PROBLEM TO SOLVE> The answer is the line containing "Presedintele SUA, Donald" plus every line after it to the end of the material, retyped exactly and without the pictures.

SUPPLIED INFORMATION>
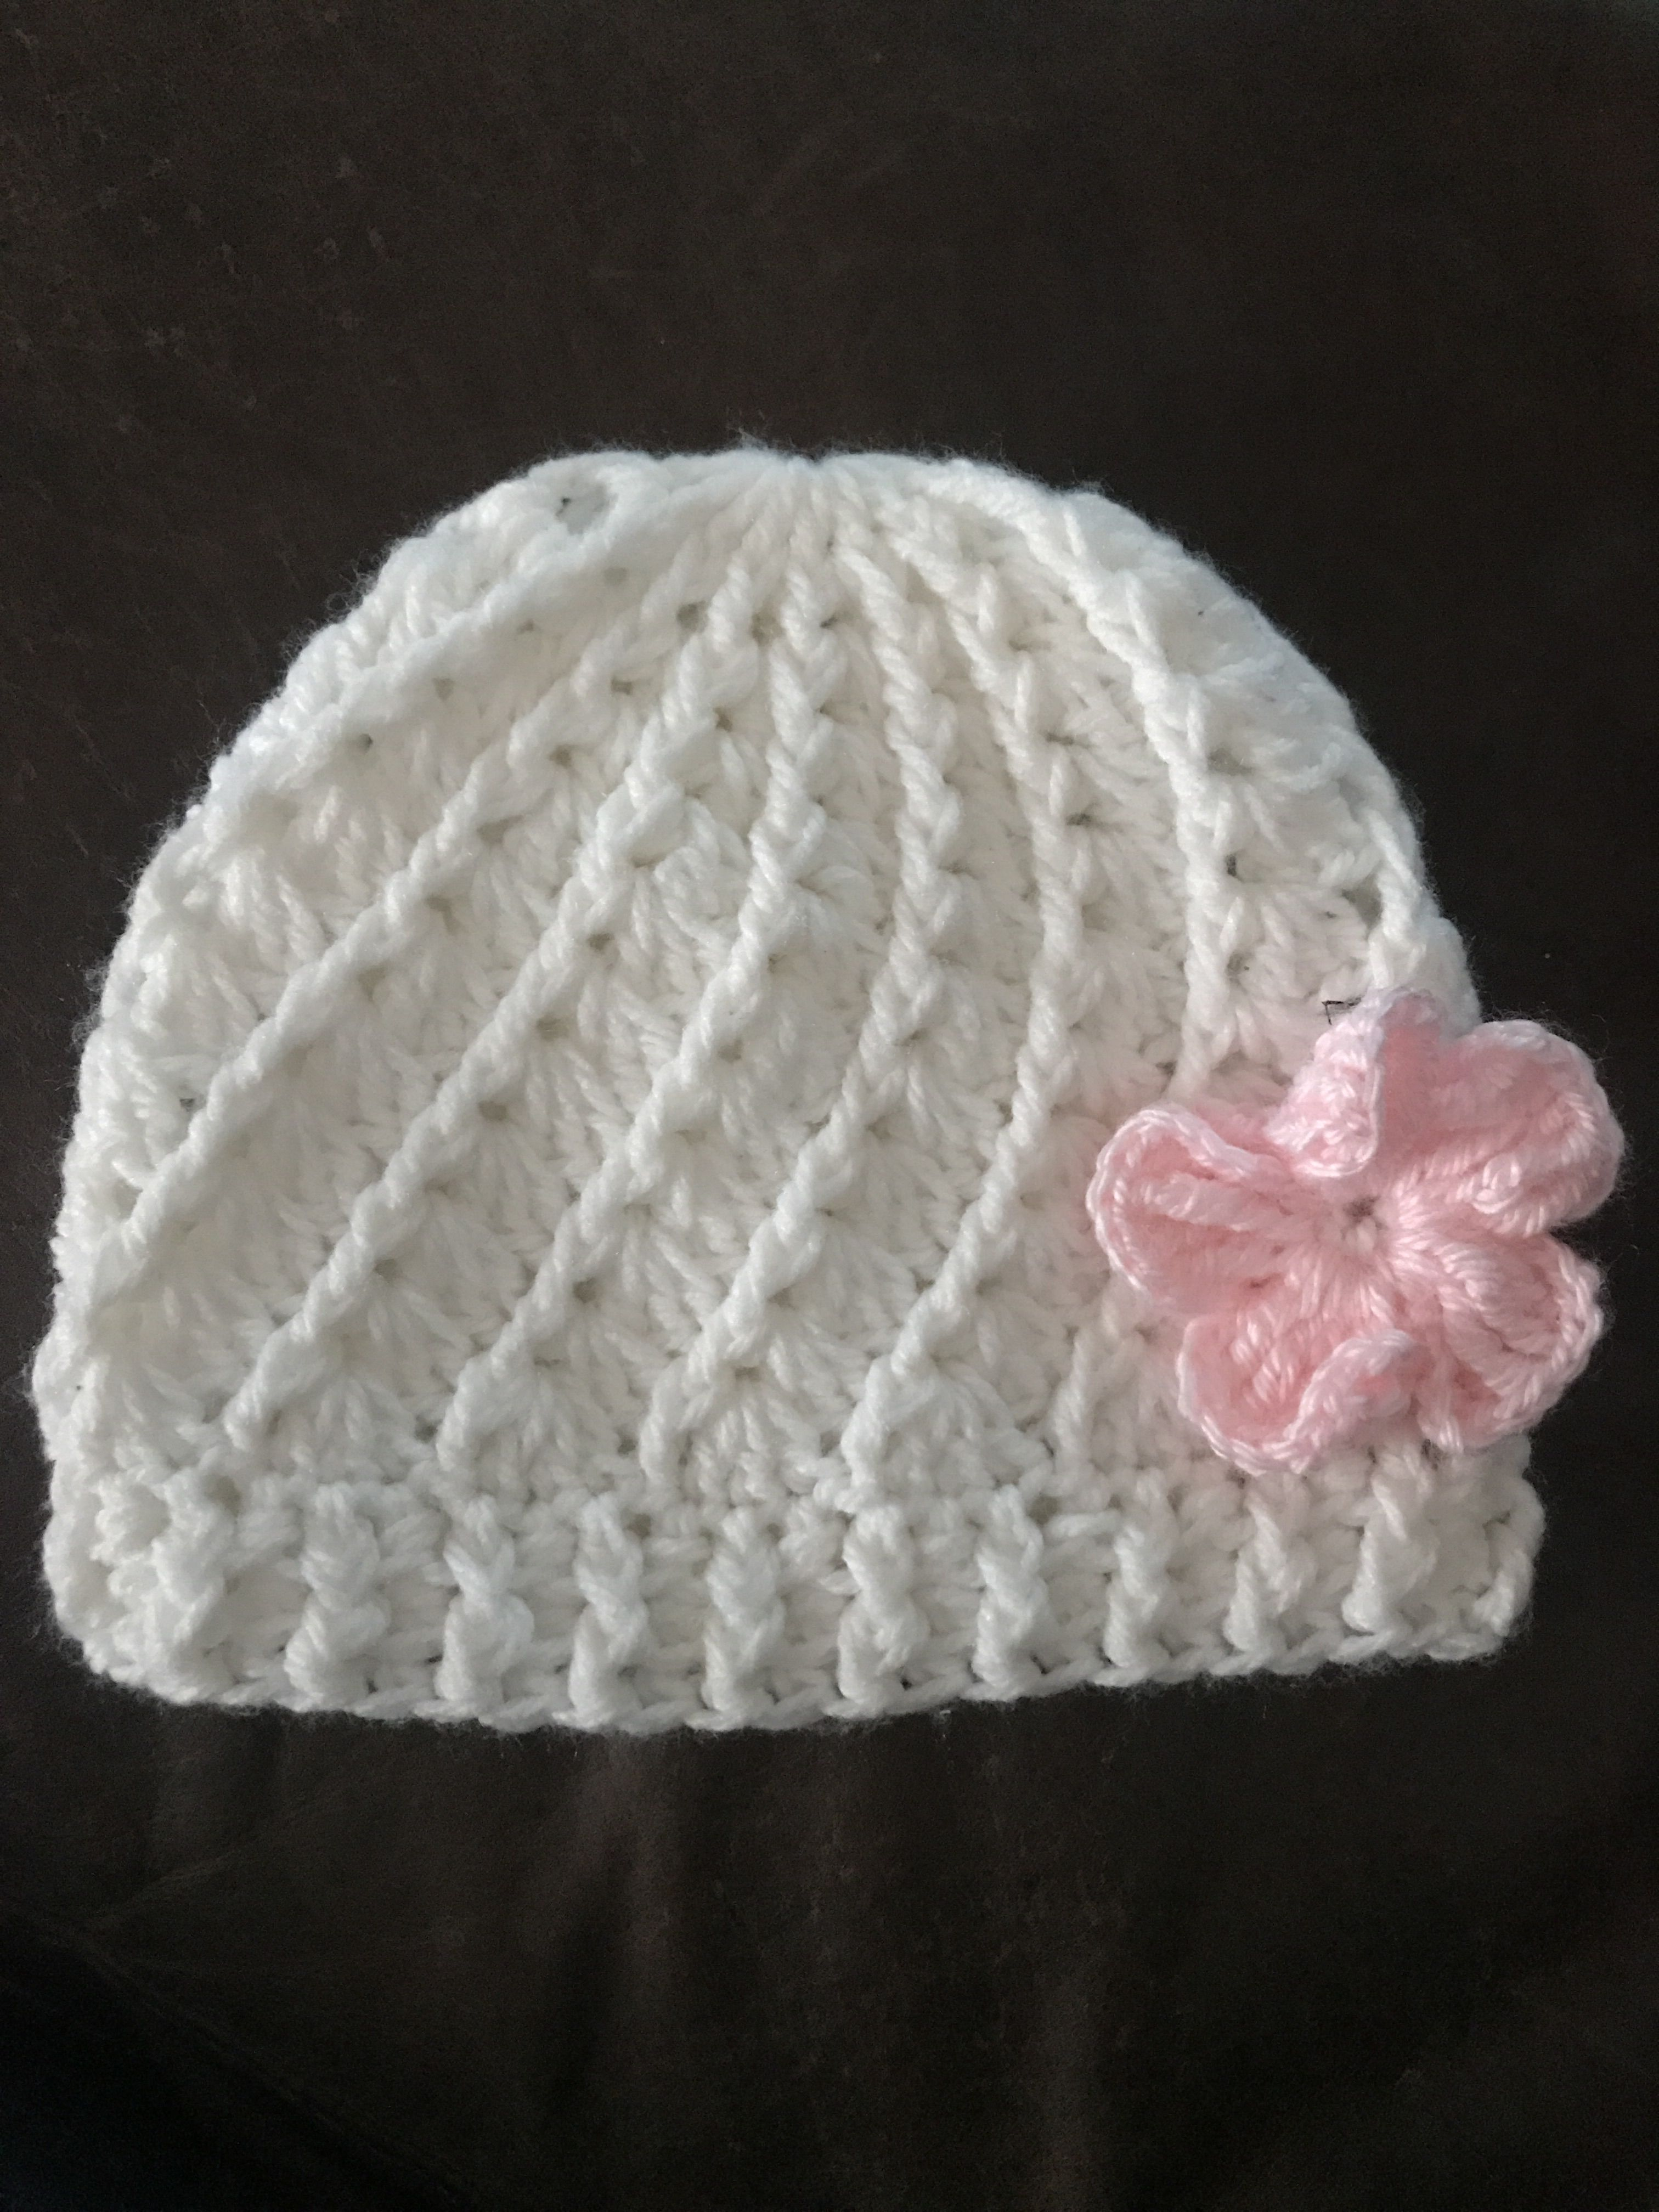 Pin by Rita Carlson on crochet babies and children | Pinterest ...
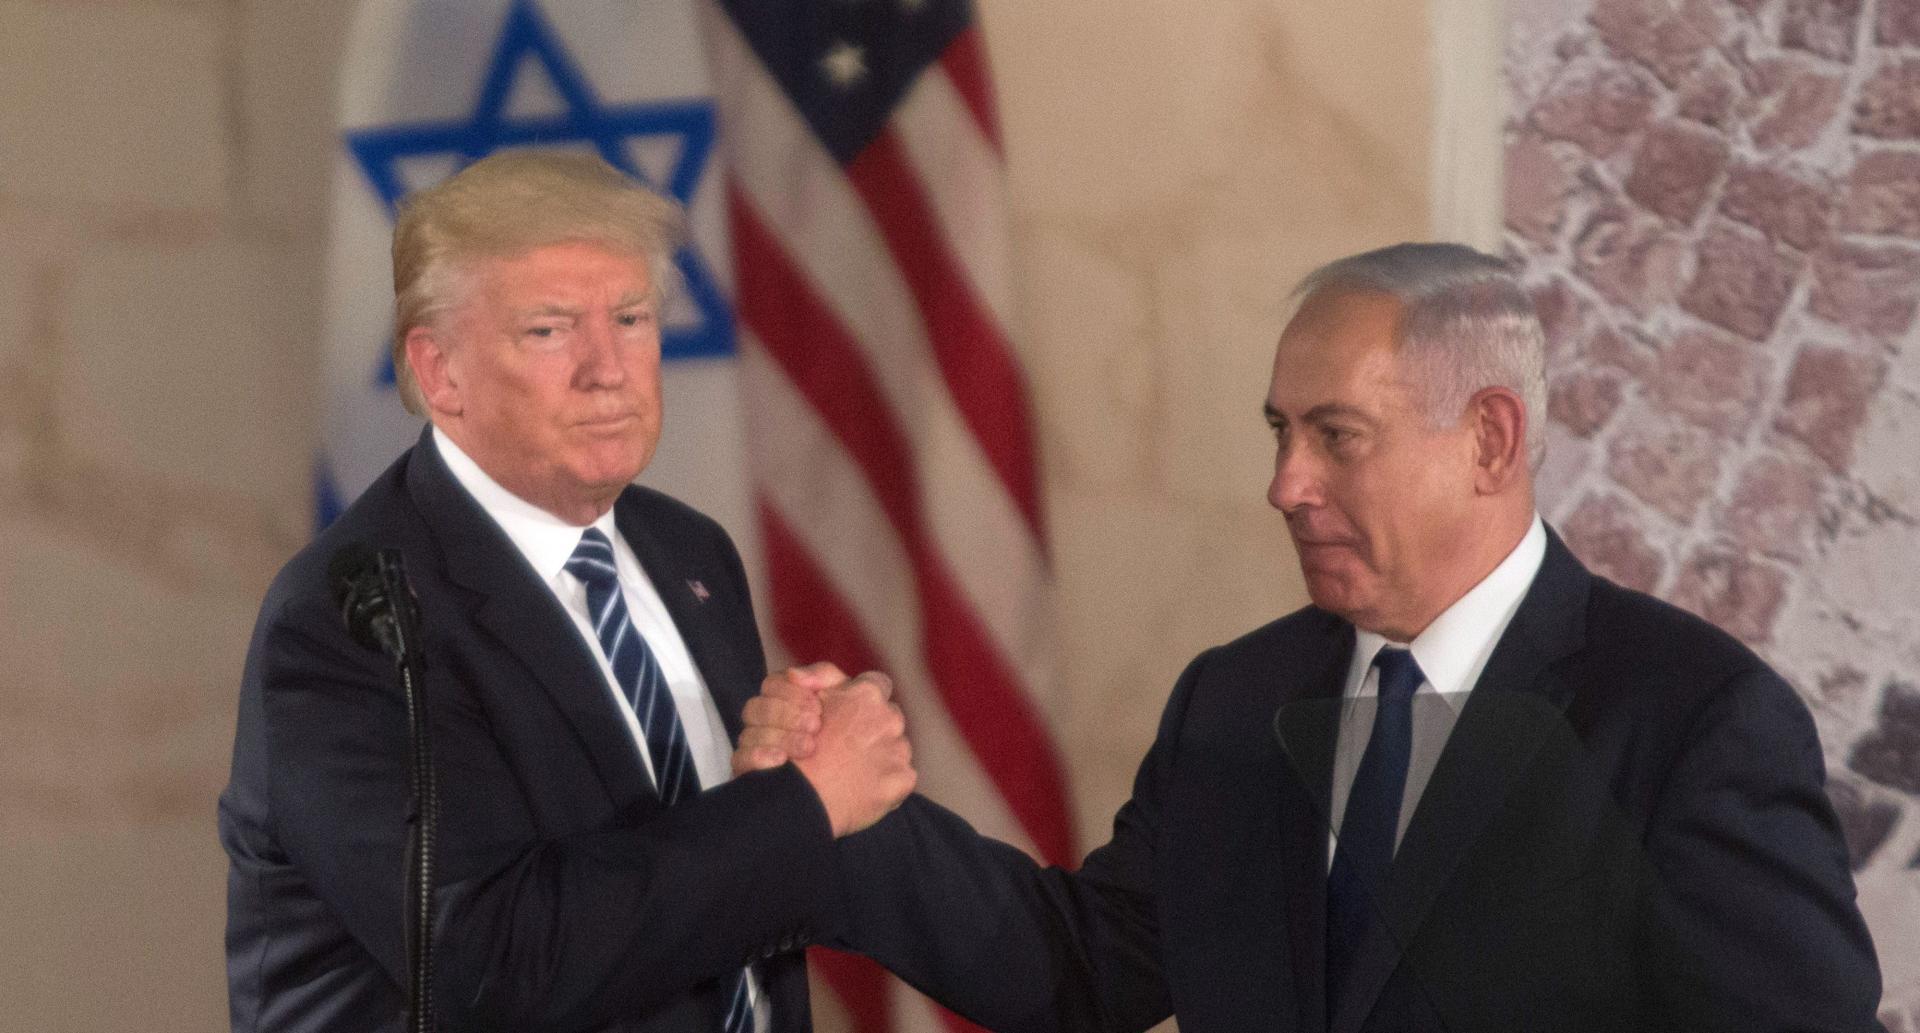 Presedintele SUA, Donald Trump, are o relatie apropiata cu premierul israelian Benjamin Netanyahu
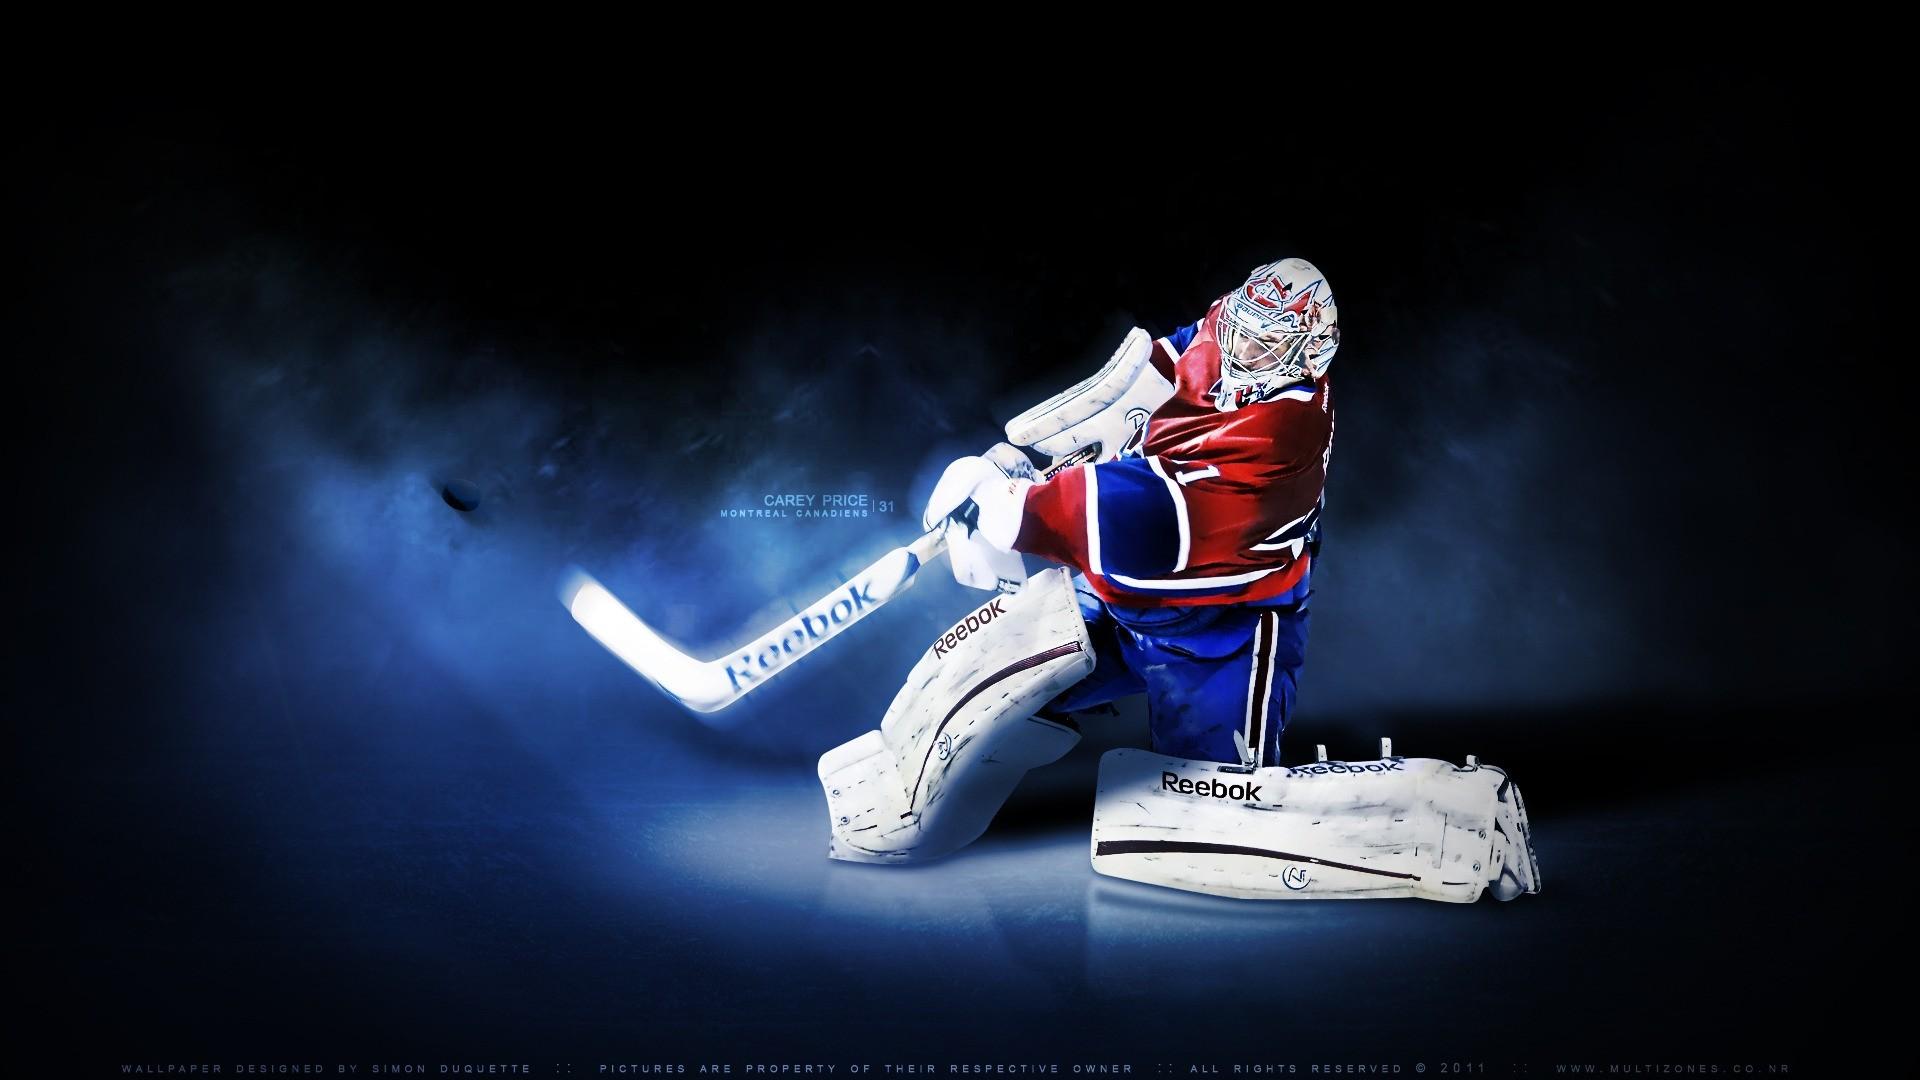 Hockey High Quality
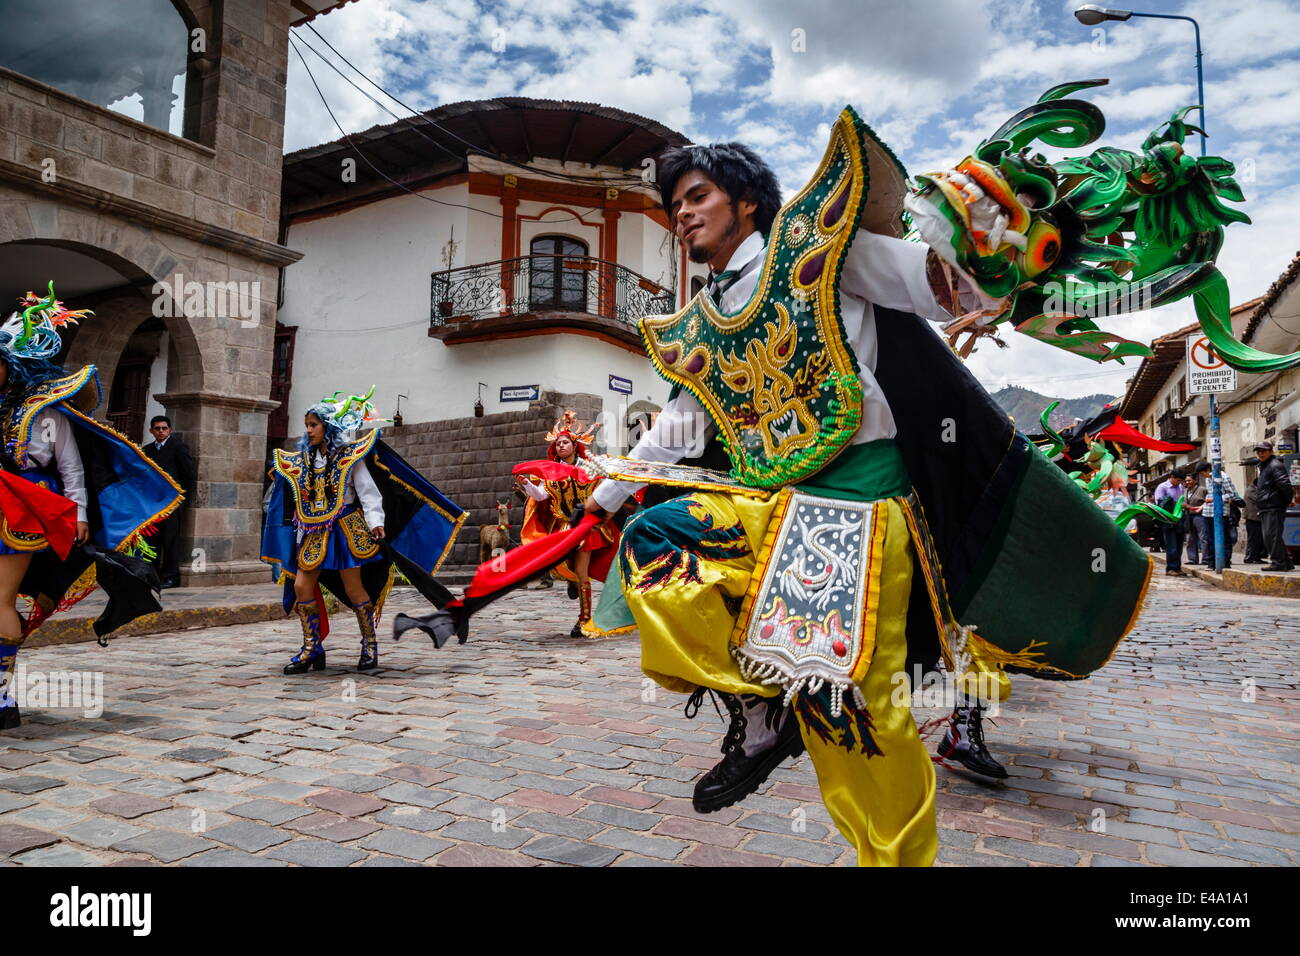 A religious procession, Cuzco, Peru, South America - Stock Image

ANSWER FOR THE TASK>
 Presedintele SUA, Donald Trump, are o relatie apropiata cu premierul israelian Benjamin Netanyahu
 Hockey High Quality
 A religious procession, Cuzco, Peru, South America - Stock Image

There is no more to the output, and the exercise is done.